[What is needed] Below are some records. Set each one down exactly as it reads.

[Data provided]
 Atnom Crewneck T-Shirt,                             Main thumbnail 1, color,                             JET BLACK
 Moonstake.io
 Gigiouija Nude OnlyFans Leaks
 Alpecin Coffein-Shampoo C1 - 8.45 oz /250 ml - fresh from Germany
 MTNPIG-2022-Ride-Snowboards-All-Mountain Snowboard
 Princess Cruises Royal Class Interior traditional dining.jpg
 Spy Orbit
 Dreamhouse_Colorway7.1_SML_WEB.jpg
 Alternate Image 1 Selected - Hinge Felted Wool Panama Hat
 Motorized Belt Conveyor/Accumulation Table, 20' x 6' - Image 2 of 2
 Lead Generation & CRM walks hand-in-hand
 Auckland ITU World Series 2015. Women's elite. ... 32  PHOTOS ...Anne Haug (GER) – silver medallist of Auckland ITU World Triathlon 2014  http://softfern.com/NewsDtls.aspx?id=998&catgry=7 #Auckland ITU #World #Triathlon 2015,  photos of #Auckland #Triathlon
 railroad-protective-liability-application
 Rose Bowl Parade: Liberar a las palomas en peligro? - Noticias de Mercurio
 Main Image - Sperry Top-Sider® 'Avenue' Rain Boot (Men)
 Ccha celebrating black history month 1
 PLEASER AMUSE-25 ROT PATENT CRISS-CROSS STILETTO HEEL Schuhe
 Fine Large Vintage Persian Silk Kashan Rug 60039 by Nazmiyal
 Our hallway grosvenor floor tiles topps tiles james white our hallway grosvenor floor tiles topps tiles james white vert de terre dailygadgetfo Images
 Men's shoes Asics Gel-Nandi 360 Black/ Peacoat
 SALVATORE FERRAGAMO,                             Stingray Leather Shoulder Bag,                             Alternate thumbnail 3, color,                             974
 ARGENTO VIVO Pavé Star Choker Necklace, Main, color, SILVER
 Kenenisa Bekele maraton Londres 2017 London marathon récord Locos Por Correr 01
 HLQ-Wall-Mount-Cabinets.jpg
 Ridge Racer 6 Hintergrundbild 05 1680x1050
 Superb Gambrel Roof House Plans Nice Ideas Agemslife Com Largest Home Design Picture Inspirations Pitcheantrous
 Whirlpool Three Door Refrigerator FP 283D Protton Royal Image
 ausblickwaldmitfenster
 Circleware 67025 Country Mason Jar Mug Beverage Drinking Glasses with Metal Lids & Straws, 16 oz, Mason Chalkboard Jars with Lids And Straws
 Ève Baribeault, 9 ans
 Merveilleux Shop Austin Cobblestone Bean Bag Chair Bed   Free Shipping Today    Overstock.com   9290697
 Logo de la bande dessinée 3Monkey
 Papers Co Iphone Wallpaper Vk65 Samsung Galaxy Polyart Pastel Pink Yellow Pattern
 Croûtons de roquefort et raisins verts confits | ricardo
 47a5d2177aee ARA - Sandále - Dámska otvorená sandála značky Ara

[Task answer]
 Atnom Crewneck T-Shirt,                             Main thumbnail 1, color,                             JET BLACK
 Moonstake.io
 Gigiouija Nude OnlyFans Leaks
 Alpecin Coffein-Shampoo C1 - 8.45 oz /250 ml - fresh from Germany
 MTNPIG-2022-Ride-Snowboards-All-Mountain Snowboard
 Princess Cruises Royal Class Interior traditional dining.jpg
 Spy Orbit
 Dreamhouse_Colorway7.1_SML_WEB.jpg
 Alternate Image 1 Selected - Hinge Felted Wool Panama Hat
 Motorized Belt Conveyor/Accumulation Table, 20' x 6' - Image 2 of 2
 Lead Generation & CRM walks hand-in-hand
 Auckland ITU World Series 2015. Women's elite. ... 32  PHOTOS ...Anne Haug (GER) – silver medallist of Auckland ITU World Triathlon 2014  http://softfern.com/NewsDtls.aspx?id=998&catgry=7 #Auckland ITU #World #Triathlon 2015,  photos of #Auckland #Triathlon
 railroad-protective-liability-application
 Rose Bowl Parade: Liberar a las palomas en peligro? - Noticias de Mercurio
 Main Image - Sperry Top-Sider® 'Avenue' Rain Boot (Men)
 Ccha celebrating black history month 1
 PLEASER AMUSE-25 ROT PATENT CRISS-CROSS STILETTO HEEL Schuhe
 Fine Large Vintage Persian Silk Kashan Rug 60039 by Nazmiyal
 Our hallway grosvenor floor tiles topps tiles james white our hallway grosvenor floor tiles topps tiles james white vert de terre dailygadgetfo Images
 Men's shoes Asics Gel-Nandi 360 Black/ Peacoat
 SALVATORE FERRAGAMO,                             Stingray Leather Shoulder Bag,                             Alternate thumbnail 3, color,                             974
 ARGENTO VIVO Pavé Star Choker Necklace, Main, color, SILVER
 Kenenisa Bekele maraton Londres 2017 London marathon récord Locos Por Correr 01
 HLQ-Wall-Mount-Cabinets.jpg
 Ridge Racer 6 Hintergrundbild 05 1680x1050
 Superb Gambrel Roof House Plans Nice Ideas Agemslife Com Largest Home Design Picture Inspirations Pitcheantrous
 Whirlpool Three Door Refrigerator FP 283D Protton Royal Image
 ausblickwaldmitfenster
 Circleware 67025 Country Mason Jar Mug Beverage Drinking Glasses with Metal Lids & Straws, 16 oz, Mason Chalkboard Jars with Lids And Straws
 Ève Baribeault, 9 ans
 Merveilleux Shop Austin Cobblestone Bean Bag Chair Bed   Free Shipping Today    Overstock.com   9290697
 Logo de la bande dessinée 3Monkey
 Papers Co Iphone Wallpaper Vk65 Samsung Galaxy Polyart Pastel Pink Yellow Pattern
 Croûtons de roquefort et raisins verts confits | ricardo
 47a5d2177aee ARA - Sandále - Dámska otvorená sandála značky Ara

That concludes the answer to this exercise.